For the records below, please print exactly and only the lines from the one with "A Professional Videographer's" down to the one with "Roses and Birds", both ends included, omitting the pictures.

* [RECORDS PROVIDED]
○ ○ ○
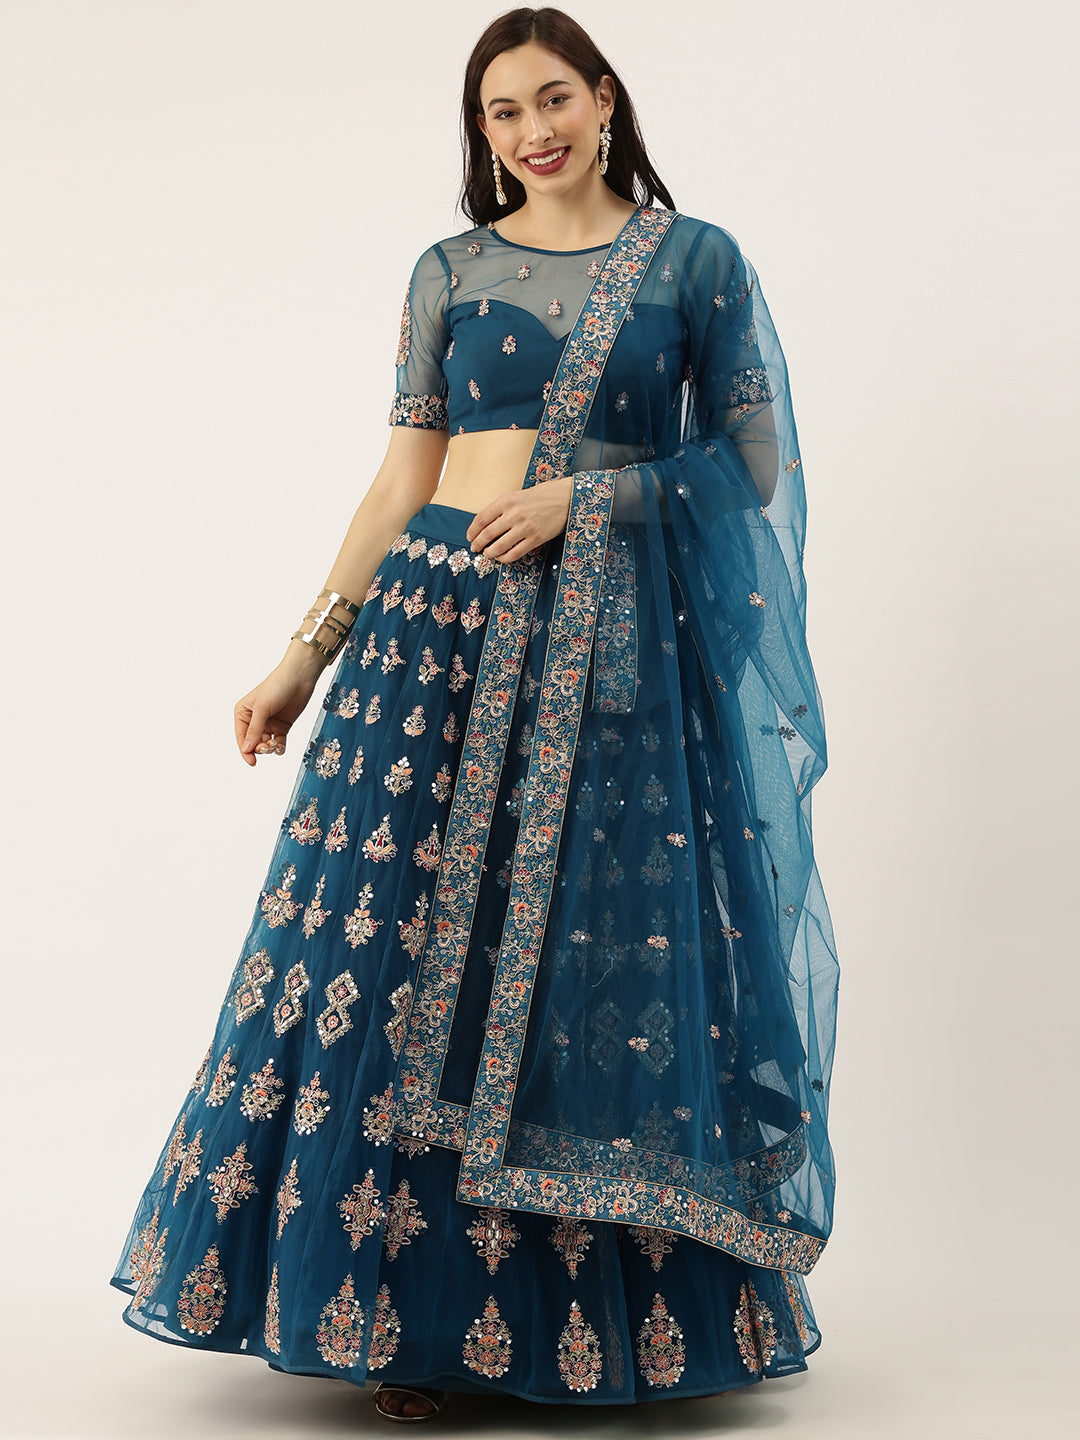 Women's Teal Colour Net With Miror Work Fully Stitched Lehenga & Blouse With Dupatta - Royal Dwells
○ ○ ○
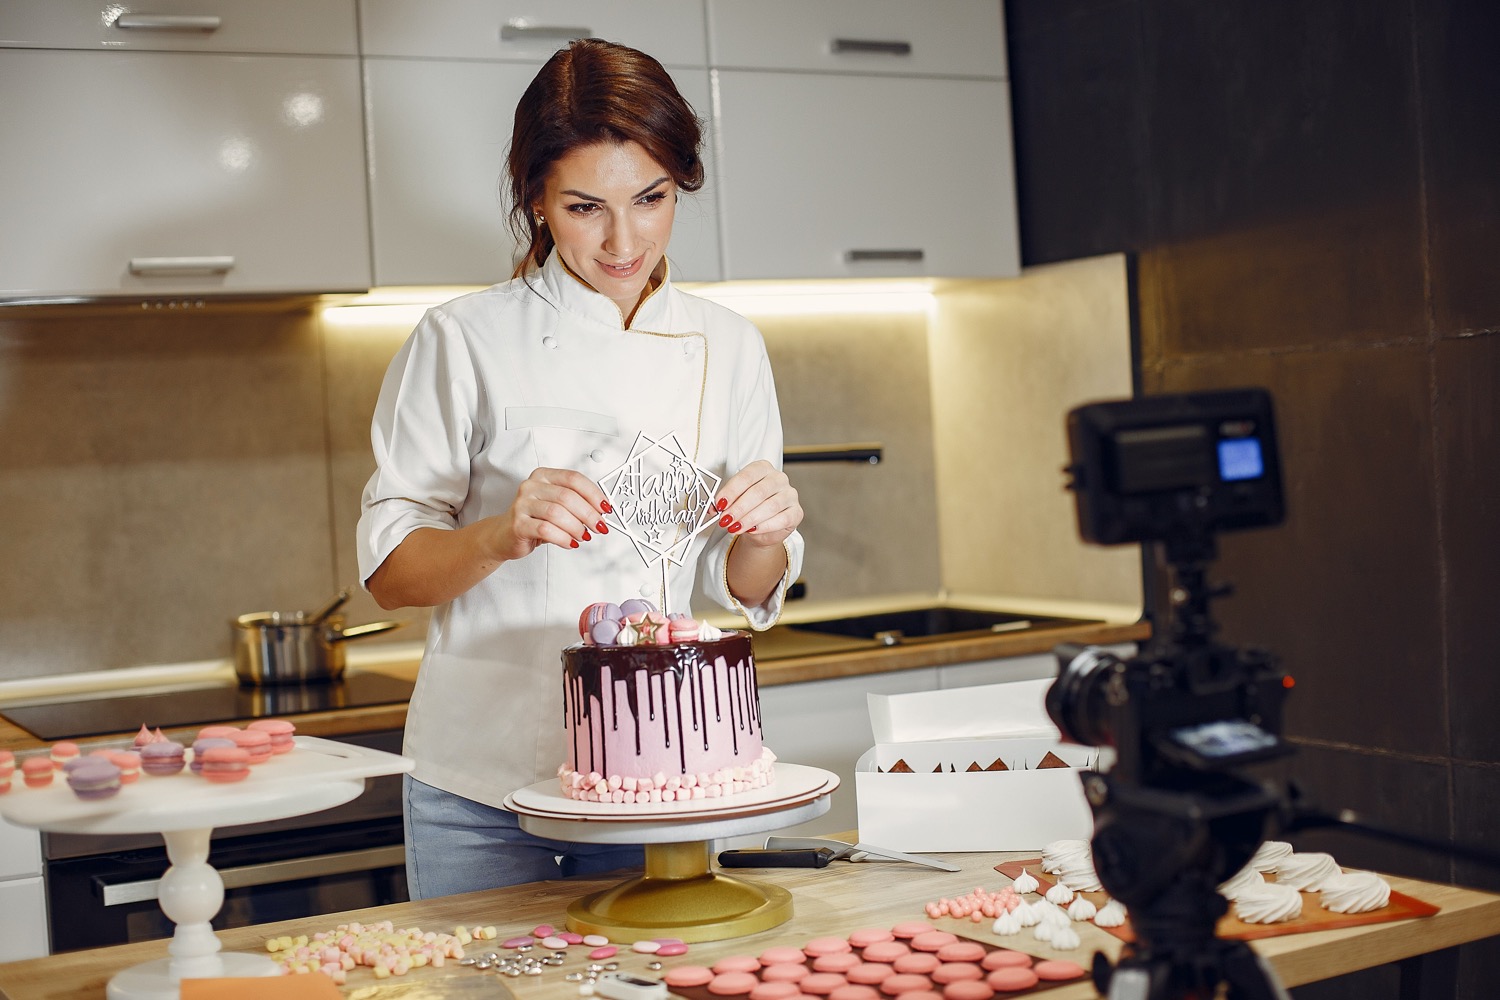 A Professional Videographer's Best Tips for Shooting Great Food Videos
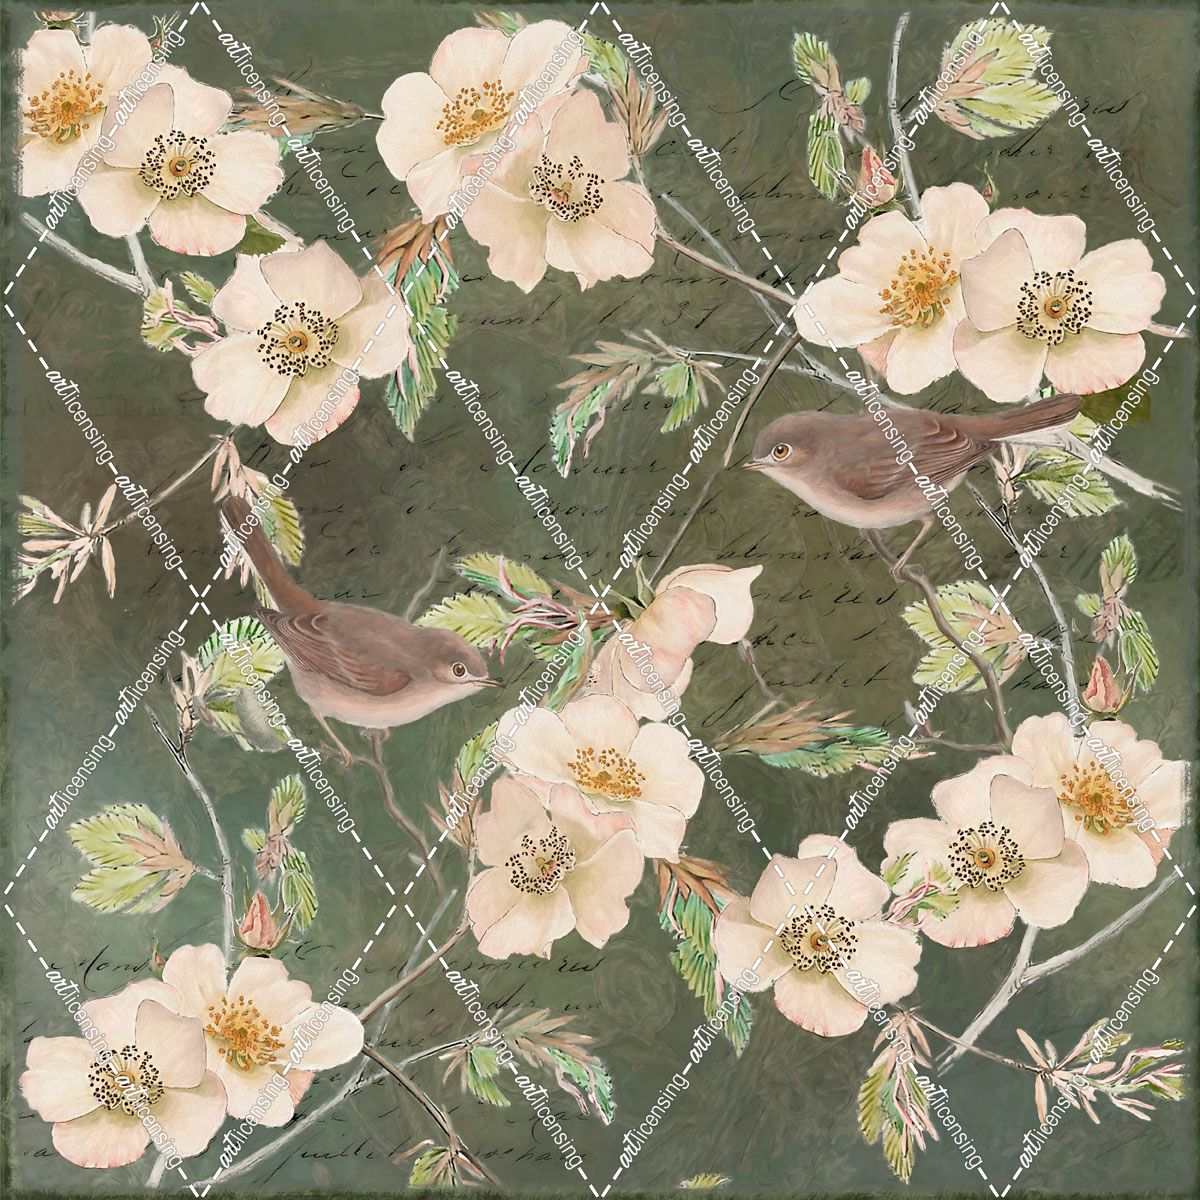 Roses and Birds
○ ○ ○
* [YOUR RESPONSE]
 A Professional Videographer's Best Tips for Shooting Great Food Videos
 Roses and Birds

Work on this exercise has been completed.